[TASK PROMPT]: An exact transcription is needed, beginning at the line with "Titel: Entwicklung von" and ending at the last line of the listing, with pictures left out and nothing else added.

[INFORMATION PROVIDED]:
------------------------------------------------------------------------
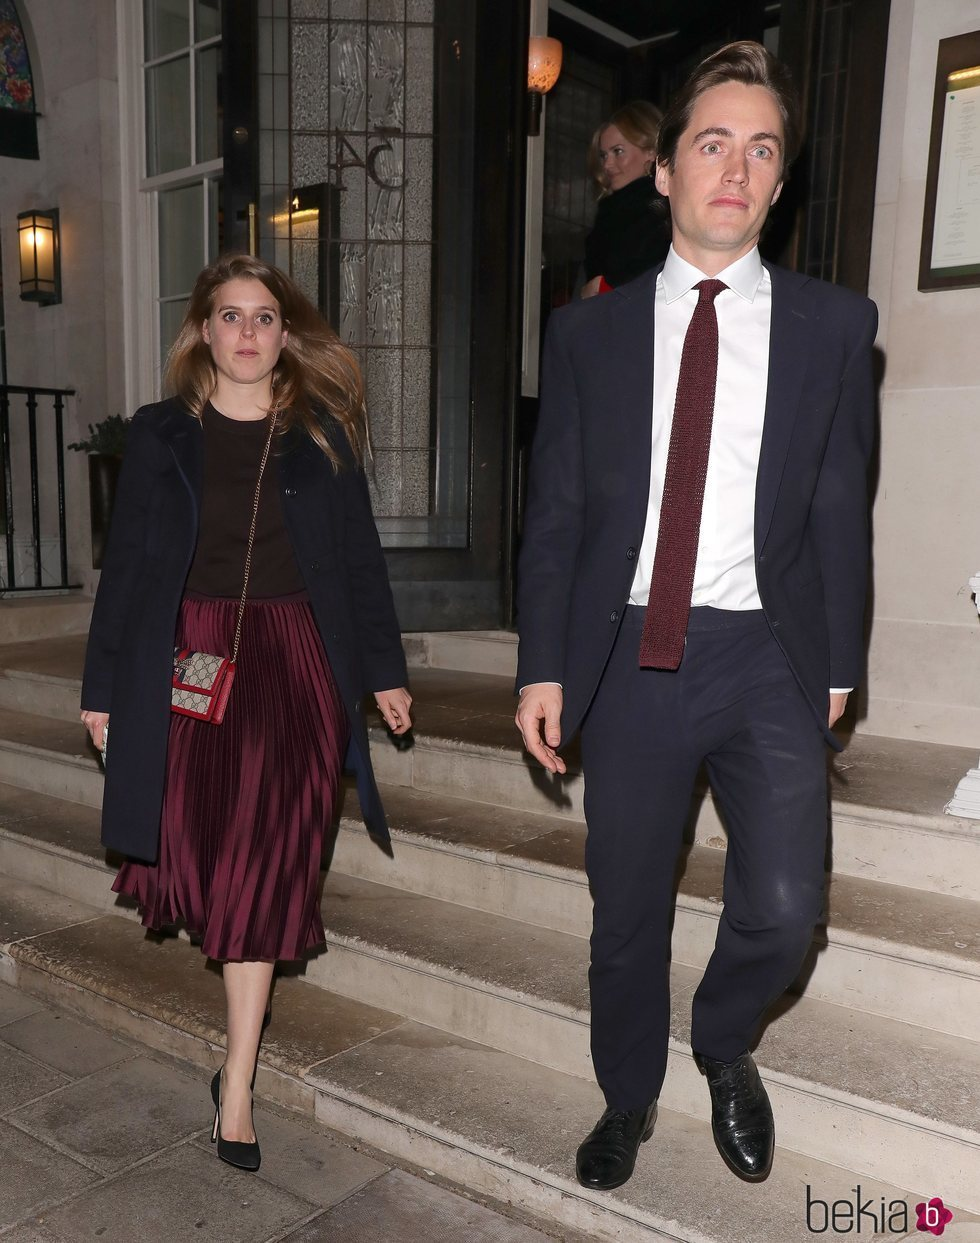 Beatriz de York y Edoardo Mapelli Mozzi tras cenar con Sarah Ferguson
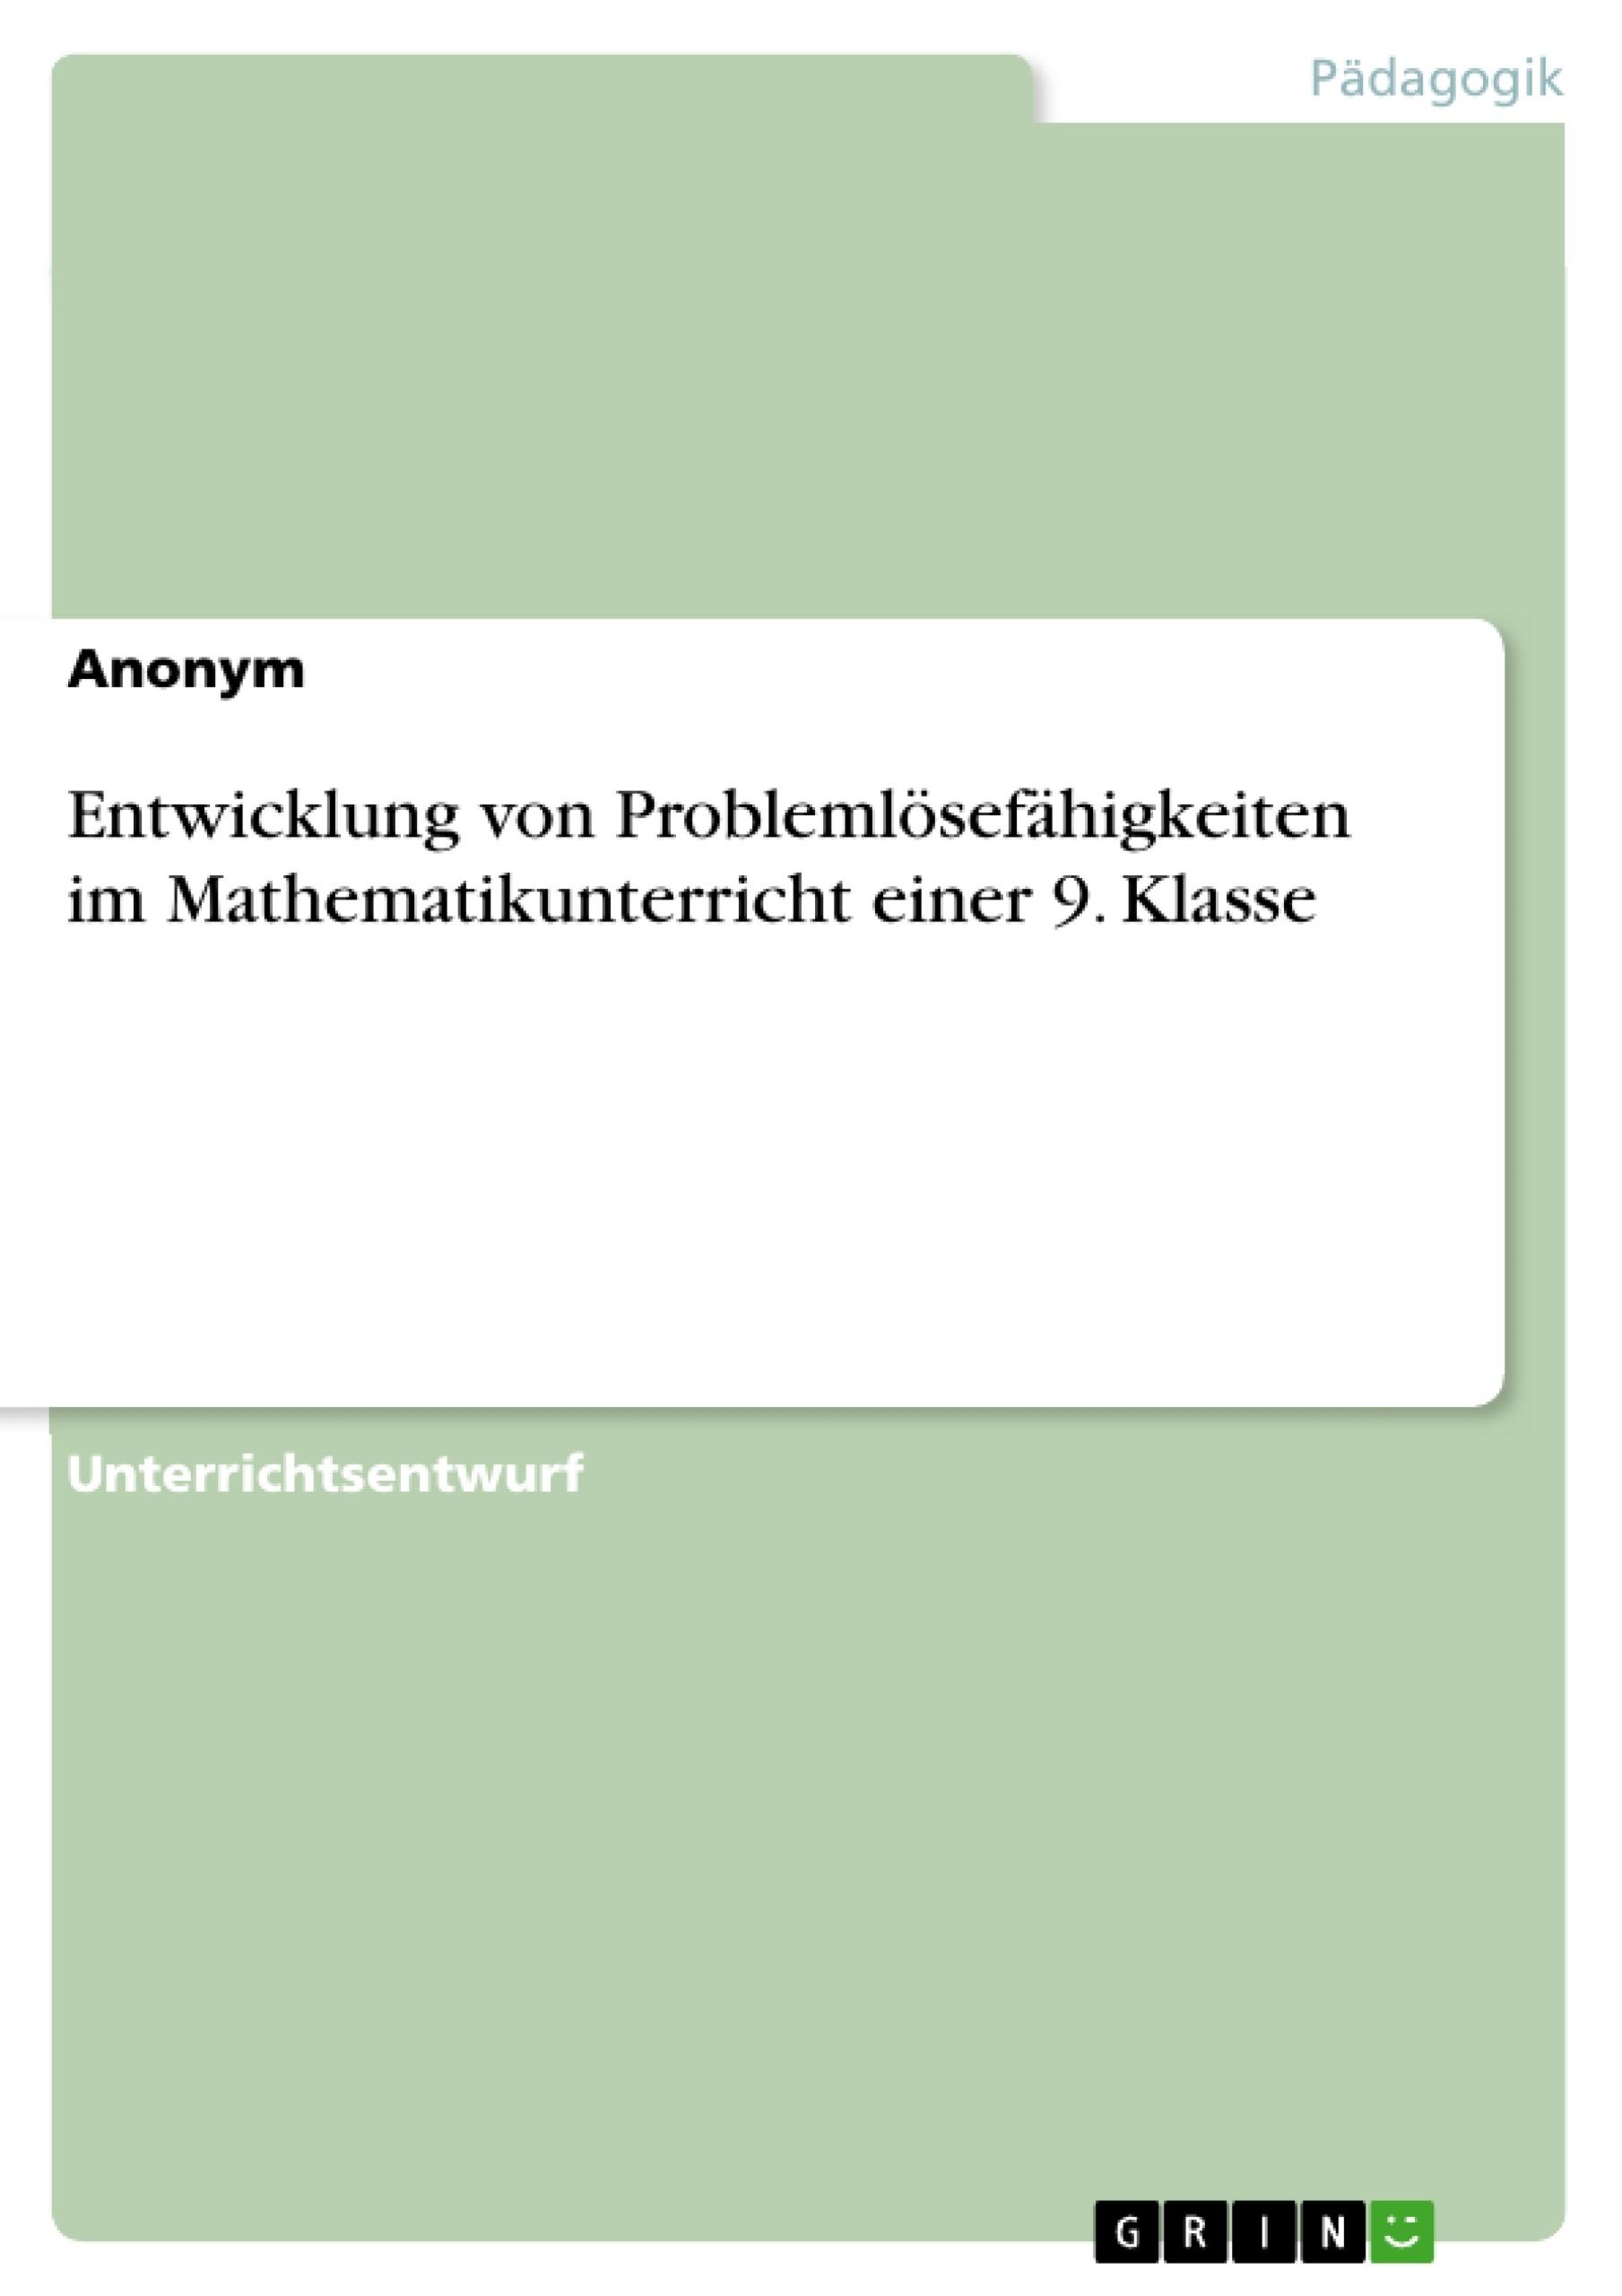 Titel: Entwicklung von Problemlösefähigkeiten im Mathematikunterricht einer 9. Klasse
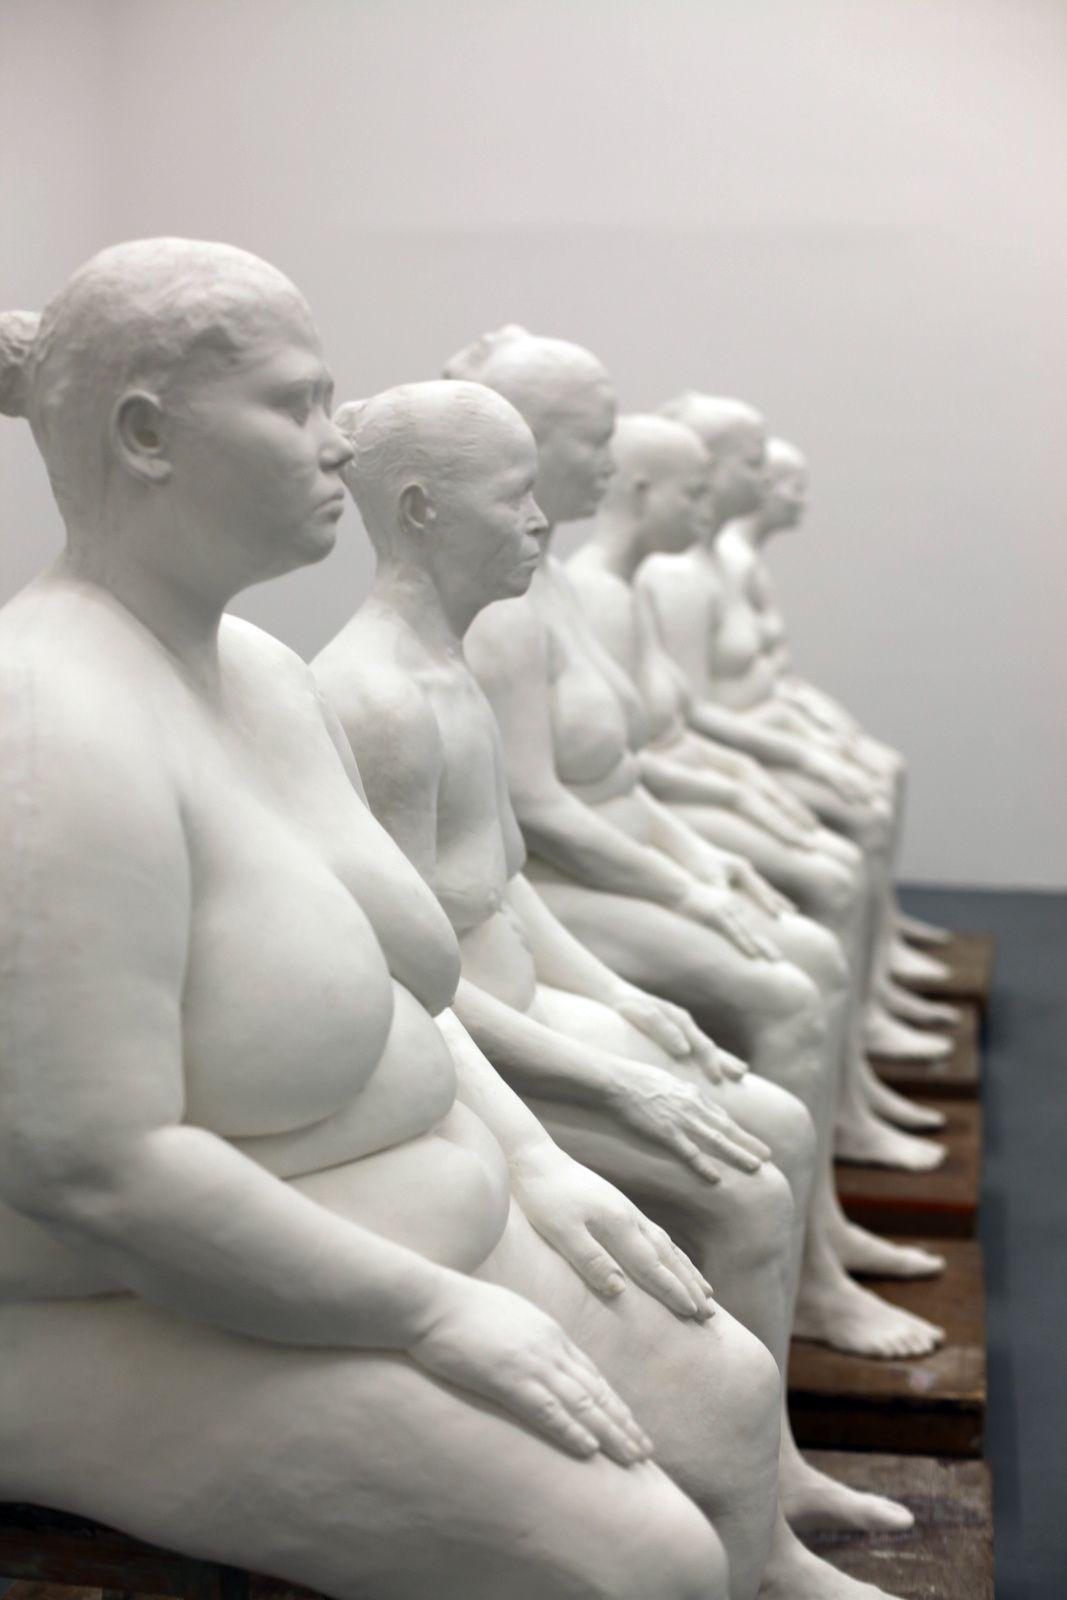 """white - sculpture -  """"Six Women"""", 2013-2015 de Bharti KHER - Détail - Courtesy Galerie PERROTIN © Photo Éric SIMON"""
------------------------------------------------------------------------
[REPLY]:
 Titel: Entwicklung von Problemlösefähigkeiten im Mathematikunterricht einer 9. Klasse
 """white - sculpture -  """"Six Women"""", 2013-2015 de Bharti KHER - Détail - Courtesy Galerie PERROTIN © Photo Éric SIMON"""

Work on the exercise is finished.